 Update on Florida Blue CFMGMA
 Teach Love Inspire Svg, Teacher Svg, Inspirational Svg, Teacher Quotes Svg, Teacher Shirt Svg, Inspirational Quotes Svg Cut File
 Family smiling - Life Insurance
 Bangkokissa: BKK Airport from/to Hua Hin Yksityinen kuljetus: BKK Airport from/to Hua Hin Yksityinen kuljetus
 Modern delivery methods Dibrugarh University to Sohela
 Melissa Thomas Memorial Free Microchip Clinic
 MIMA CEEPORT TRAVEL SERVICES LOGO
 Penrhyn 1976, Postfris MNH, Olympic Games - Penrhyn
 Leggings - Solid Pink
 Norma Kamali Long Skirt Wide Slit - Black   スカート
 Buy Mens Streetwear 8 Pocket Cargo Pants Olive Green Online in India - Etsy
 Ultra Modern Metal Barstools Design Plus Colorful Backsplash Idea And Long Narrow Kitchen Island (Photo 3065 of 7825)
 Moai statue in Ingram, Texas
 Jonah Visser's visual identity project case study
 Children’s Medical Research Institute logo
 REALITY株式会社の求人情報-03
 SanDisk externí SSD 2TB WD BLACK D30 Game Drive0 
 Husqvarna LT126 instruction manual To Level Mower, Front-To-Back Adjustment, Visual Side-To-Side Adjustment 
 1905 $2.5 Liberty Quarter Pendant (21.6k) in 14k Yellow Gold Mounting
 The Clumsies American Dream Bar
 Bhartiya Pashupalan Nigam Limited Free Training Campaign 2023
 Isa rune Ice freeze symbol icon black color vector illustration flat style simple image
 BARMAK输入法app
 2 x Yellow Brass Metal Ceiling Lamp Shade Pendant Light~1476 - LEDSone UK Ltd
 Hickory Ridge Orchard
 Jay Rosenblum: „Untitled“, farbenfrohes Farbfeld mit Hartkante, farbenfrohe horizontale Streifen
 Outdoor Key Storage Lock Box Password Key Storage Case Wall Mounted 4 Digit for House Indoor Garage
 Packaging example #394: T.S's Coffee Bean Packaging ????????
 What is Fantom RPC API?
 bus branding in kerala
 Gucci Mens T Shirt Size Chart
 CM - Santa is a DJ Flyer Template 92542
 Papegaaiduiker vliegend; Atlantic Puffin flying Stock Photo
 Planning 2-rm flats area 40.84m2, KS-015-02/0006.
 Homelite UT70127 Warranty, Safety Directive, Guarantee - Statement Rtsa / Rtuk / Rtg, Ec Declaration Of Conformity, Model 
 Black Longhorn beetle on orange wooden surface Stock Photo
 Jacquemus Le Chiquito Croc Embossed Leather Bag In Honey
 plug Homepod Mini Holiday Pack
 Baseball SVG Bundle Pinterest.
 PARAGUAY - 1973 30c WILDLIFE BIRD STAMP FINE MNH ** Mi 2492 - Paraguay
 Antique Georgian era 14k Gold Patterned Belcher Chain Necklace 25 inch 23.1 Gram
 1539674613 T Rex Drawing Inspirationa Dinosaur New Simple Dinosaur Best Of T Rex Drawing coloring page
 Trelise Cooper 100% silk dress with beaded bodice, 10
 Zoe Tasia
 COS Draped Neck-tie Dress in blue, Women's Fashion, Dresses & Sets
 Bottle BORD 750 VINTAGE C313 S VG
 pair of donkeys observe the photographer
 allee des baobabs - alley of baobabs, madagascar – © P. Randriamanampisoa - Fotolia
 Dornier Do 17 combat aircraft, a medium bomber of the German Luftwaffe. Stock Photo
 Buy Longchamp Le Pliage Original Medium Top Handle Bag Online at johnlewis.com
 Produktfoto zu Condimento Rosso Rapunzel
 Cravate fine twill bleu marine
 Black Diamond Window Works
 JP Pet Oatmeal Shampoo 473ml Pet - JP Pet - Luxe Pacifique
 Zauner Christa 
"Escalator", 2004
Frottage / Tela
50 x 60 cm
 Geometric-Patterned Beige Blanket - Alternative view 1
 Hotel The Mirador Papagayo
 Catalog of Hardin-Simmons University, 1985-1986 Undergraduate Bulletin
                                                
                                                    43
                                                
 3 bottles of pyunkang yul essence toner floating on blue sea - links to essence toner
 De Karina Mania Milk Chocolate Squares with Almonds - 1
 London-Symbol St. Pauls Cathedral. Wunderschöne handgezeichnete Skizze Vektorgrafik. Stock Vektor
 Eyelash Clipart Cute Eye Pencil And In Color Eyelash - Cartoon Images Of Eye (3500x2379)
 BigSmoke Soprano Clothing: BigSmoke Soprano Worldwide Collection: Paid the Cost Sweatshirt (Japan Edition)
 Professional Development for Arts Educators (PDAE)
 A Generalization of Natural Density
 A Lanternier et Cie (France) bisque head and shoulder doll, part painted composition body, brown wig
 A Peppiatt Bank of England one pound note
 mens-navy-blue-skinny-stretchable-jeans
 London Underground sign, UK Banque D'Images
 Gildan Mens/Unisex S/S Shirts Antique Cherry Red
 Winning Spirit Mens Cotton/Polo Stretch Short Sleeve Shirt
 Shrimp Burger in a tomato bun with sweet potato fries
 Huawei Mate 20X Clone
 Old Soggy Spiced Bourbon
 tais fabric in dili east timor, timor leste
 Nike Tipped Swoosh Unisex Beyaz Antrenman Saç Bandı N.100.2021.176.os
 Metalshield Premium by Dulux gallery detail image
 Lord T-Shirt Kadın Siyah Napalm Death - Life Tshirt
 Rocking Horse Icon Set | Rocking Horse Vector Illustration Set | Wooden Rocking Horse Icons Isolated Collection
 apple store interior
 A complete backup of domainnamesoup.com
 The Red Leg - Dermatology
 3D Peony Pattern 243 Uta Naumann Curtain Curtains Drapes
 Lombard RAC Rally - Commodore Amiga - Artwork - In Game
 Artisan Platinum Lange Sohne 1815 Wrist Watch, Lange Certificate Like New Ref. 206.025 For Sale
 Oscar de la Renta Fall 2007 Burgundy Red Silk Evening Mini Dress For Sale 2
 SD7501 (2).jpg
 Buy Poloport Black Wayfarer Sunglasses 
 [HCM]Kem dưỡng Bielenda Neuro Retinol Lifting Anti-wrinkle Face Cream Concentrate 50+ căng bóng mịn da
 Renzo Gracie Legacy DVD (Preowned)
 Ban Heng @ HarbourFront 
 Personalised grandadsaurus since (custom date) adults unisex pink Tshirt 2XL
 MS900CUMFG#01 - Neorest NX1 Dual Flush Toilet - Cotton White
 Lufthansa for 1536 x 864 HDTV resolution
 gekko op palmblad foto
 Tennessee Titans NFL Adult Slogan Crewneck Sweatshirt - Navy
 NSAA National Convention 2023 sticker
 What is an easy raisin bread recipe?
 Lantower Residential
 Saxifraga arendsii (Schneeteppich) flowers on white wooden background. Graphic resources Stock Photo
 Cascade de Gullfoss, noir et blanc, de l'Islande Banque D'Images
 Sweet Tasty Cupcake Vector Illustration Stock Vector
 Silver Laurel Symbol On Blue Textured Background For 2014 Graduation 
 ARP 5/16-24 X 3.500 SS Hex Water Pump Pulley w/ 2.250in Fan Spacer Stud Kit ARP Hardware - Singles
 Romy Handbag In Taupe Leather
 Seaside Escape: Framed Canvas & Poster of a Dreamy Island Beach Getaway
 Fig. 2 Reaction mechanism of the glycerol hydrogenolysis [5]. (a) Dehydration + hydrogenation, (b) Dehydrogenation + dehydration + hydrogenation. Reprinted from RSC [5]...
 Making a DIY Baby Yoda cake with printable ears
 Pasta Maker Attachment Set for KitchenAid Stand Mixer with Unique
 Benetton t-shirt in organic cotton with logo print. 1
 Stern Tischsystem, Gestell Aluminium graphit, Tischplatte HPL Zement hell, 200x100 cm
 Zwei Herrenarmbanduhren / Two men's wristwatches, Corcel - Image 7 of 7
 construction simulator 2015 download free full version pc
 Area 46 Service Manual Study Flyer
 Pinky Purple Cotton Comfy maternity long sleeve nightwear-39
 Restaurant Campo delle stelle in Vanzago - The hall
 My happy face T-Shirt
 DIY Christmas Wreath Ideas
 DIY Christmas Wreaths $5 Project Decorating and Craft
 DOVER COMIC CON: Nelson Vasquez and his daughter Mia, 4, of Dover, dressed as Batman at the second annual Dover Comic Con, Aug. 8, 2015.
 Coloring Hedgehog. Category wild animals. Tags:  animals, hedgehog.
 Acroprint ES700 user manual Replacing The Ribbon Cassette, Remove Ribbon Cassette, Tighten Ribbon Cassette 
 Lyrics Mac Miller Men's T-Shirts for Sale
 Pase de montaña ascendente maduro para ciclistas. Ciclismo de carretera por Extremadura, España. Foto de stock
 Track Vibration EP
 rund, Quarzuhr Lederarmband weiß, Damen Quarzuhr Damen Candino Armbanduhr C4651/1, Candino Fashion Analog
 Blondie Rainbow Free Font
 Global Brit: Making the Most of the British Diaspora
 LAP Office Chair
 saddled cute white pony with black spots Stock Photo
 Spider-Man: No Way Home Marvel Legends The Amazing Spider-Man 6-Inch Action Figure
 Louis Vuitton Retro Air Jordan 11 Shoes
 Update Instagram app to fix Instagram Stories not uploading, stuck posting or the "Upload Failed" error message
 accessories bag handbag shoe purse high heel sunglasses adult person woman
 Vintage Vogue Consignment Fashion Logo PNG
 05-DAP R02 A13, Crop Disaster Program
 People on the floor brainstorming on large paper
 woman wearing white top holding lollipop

######

BRIEF
Everything above from the line containing "Family smiling - Life Insurance" down to the line containing "BARMAK输入法app" is to be transcribed exactly, with both of those lines included and nothing else added.

RESPONSE BOX
 Family smiling - Life Insurance
 Bangkokissa: BKK Airport from/to Hua Hin Yksityinen kuljetus: BKK Airport from/to Hua Hin Yksityinen kuljetus
 Modern delivery methods Dibrugarh University to Sohela
 Melissa Thomas Memorial Free Microchip Clinic
 MIMA CEEPORT TRAVEL SERVICES LOGO
 Penrhyn 1976, Postfris MNH, Olympic Games - Penrhyn
 Leggings - Solid Pink
 Norma Kamali Long Skirt Wide Slit - Black   スカート
 Buy Mens Streetwear 8 Pocket Cargo Pants Olive Green Online in India - Etsy
 Ultra Modern Metal Barstools Design Plus Colorful Backsplash Idea And Long Narrow Kitchen Island (Photo 3065 of 7825)
 Moai statue in Ingram, Texas
 Jonah Visser's visual identity project case study
 Children’s Medical Research Institute logo
 REALITY株式会社の求人情報-03
 SanDisk externí SSD 2TB WD BLACK D30 Game Drive0 
 Husqvarna LT126 instruction manual To Level Mower, Front-To-Back Adjustment, Visual Side-To-Side Adjustment 
 1905 $2.5 Liberty Quarter Pendant (21.6k) in 14k Yellow Gold Mounting
 The Clumsies American Dream Bar
 Bhartiya Pashupalan Nigam Limited Free Training Campaign 2023
 Isa rune Ice freeze symbol icon black color vector illustration flat style simple image
 BARMAK输入法app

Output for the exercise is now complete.